Bruno Fernandes Backs Carrick as Manchester United Eyes Premier League Return
Bruno Fernandes has nailed his colours to the Manchester United mast and, just as firmly, to Michael Carrick’s. The captain insists he is “here to serve” the club and wants the man currently in the dugout to be the one who leads them back to the top of the Premier League.
Carrick, 44, is edging towards a long‑term stay in charge. A broad agreement for him to remain as United manager is understood to be in place, with club sources framing the finalisation of the deal as a question of “when rather than if”. The paperwork lags behind the mood music.
On Tuesday, Carrick was in London, not on the training ground but on the stage, handing the Football Writers’ Association Footballer of the Year award to Fernandes. It was a neat snapshot of the power dynamic at Old Trafford: the former midfielder trusted with the rebuild, the current one driving it on the pitch.
Fernandes, 31, has just written his own line into Premier League history. His assist in Sunday’s breathless 3-2 win over Nottingham Forest at Old Trafford took him to 20 for the season, equalling the league record for a single campaign. The numbers are eye-catching; the noise around the manager was just as telling. The home crowd roared their support for Carrick throughout, a fanbase making its preference clear.
Asked again about the man in the technical area, Fernandes did not bother to rework his message.
“I spoke a lot of times about him,” he said. “I already said many things about how good he could be as a manager in the past, so I think those words are still there.”

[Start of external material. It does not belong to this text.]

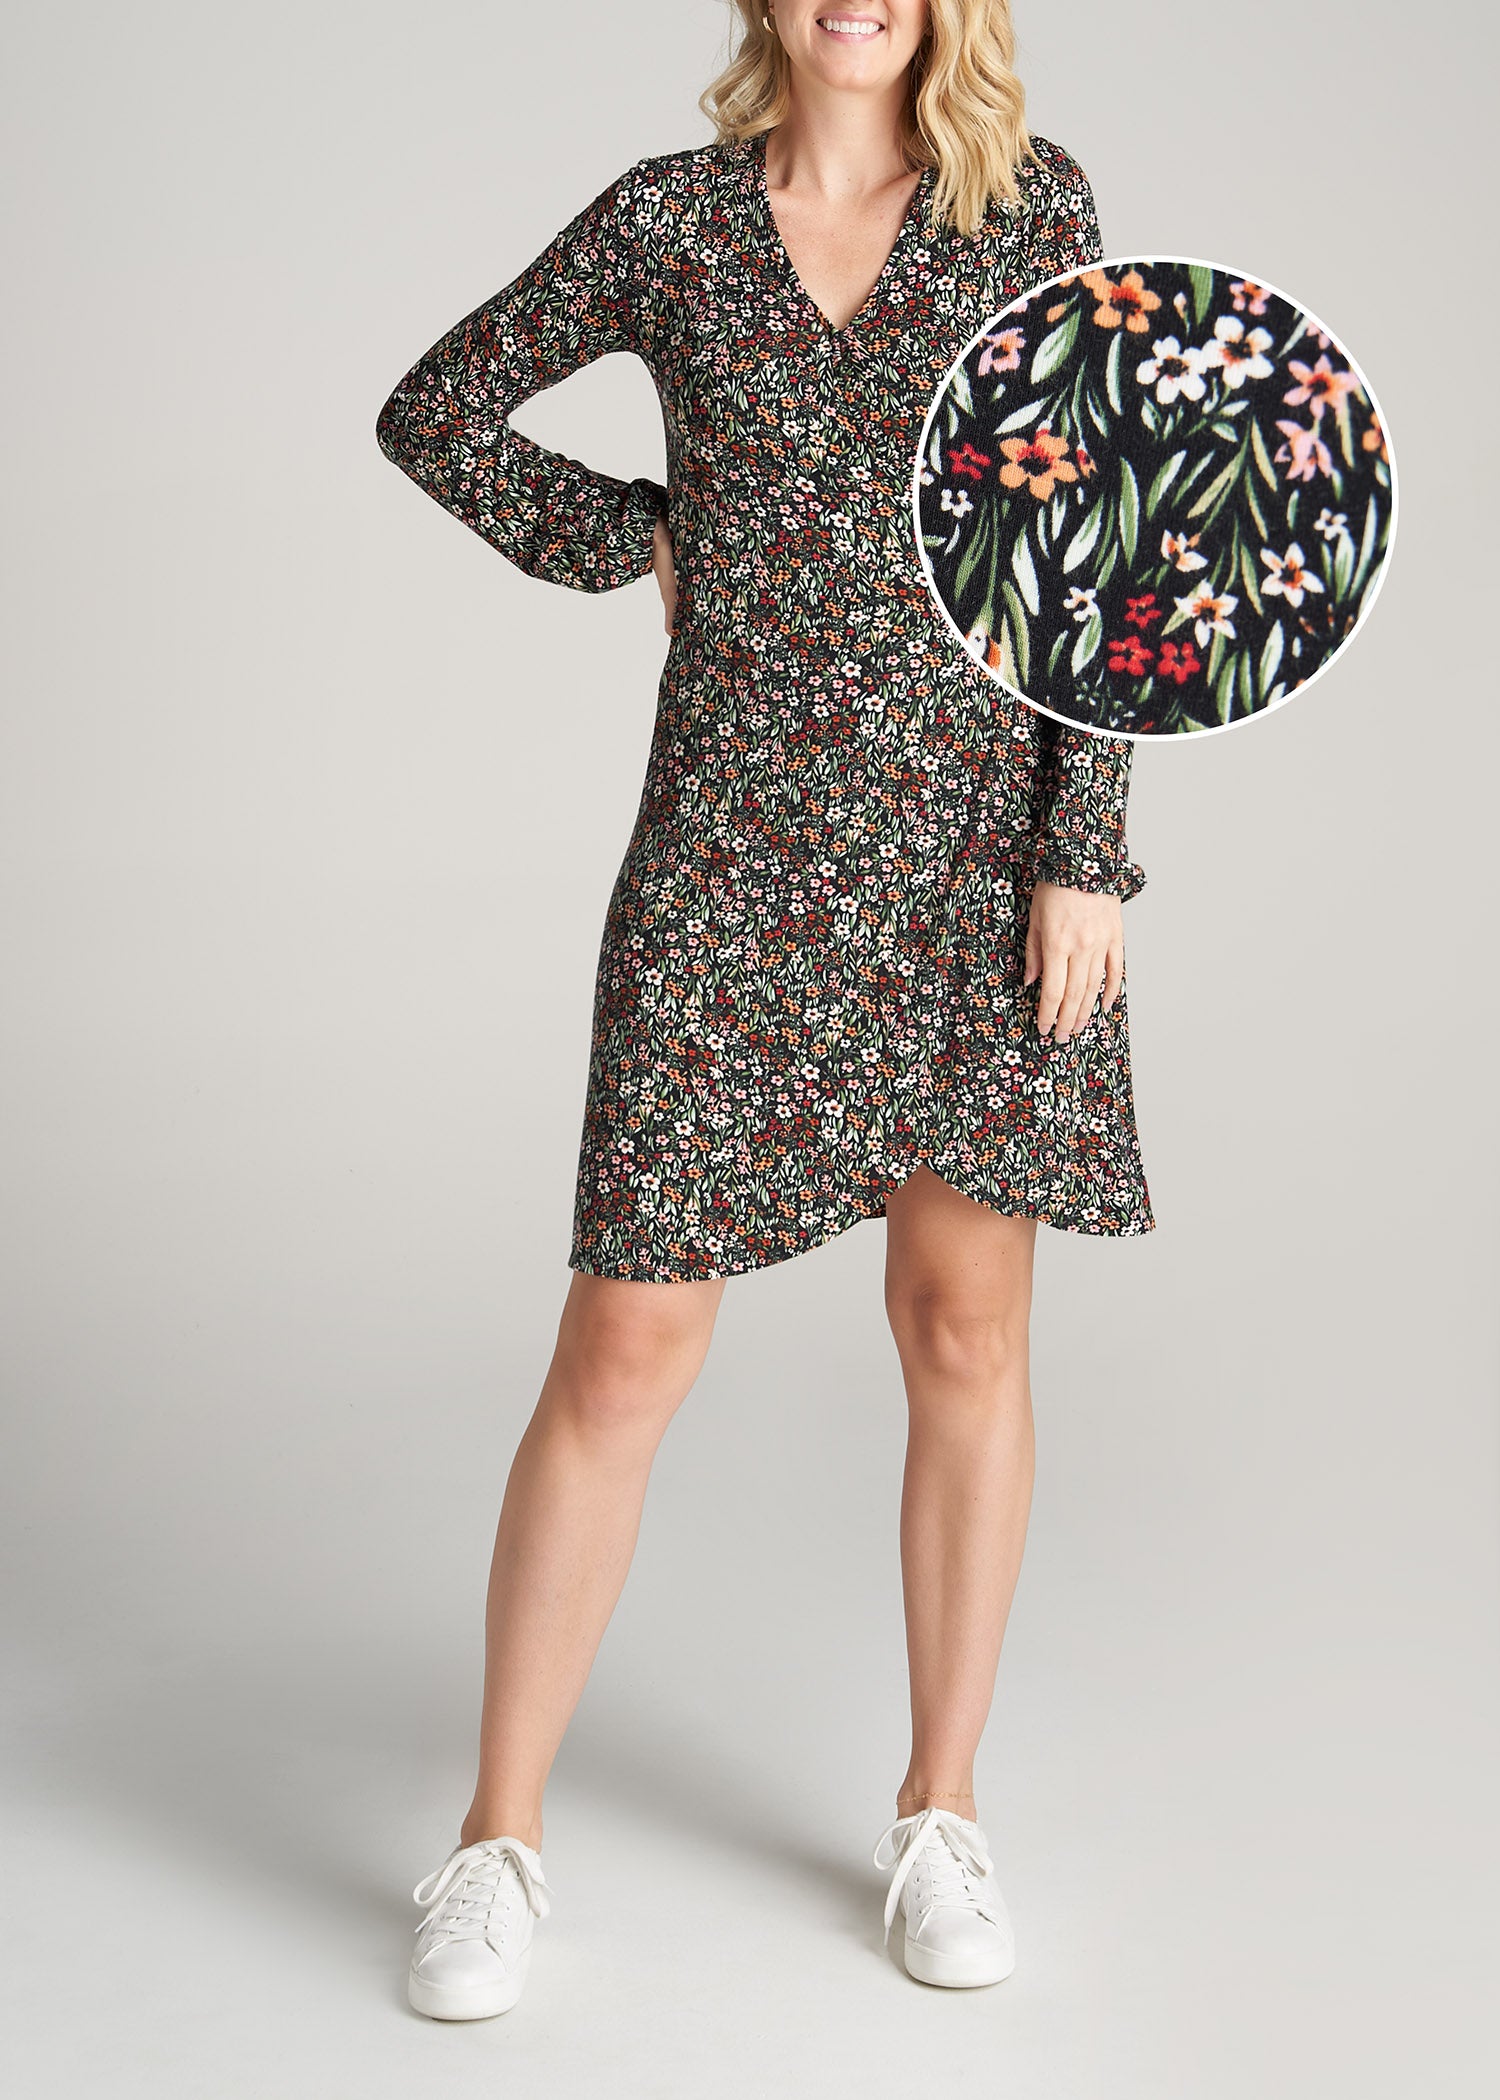 Long Sleeve Jersey Wrap Dress for Tall Women in Black Floral

The stance has not softened with his growing influence in the dressing room. If anything, it has hardened.
“Obviously, it’s not in my hands deciding who’s going to be the next manager. I’m here to serve the club, whether that is a manager that comes in, or if he stays, I will serve them in the same way.”
The loyalty is to the badge first, but the hope is clear. When pressed on whether Carrick can take United back to the summit, Fernandes did not hesitate.
“I hope so, if he stays. I hope he’s one that can take us back to the top of the Premier League because this is what all the players want.”
That ambition sits against the backdrop of a strange, staccato campaign. United will close out their season on Sunday with a trip to Brighton, their 40th and final fixture in what is their shortest season for 111 years. Fewer games, same unforgiving scrutiny.
Carrick heads to the south coast with numbers that strengthen his case. Since stepping in after Ruben Amorim’s departure in January, he has delivered 11 wins from 16 matches. Not perfection, but a clear uptick, and enough to convince many inside Old Trafford that the trajectory is finally pointing upwards.
The contract announcement will come. The real judgment will follow next season, when promises, records and warm words give way to the only metric that truly matters at Manchester United: the league table.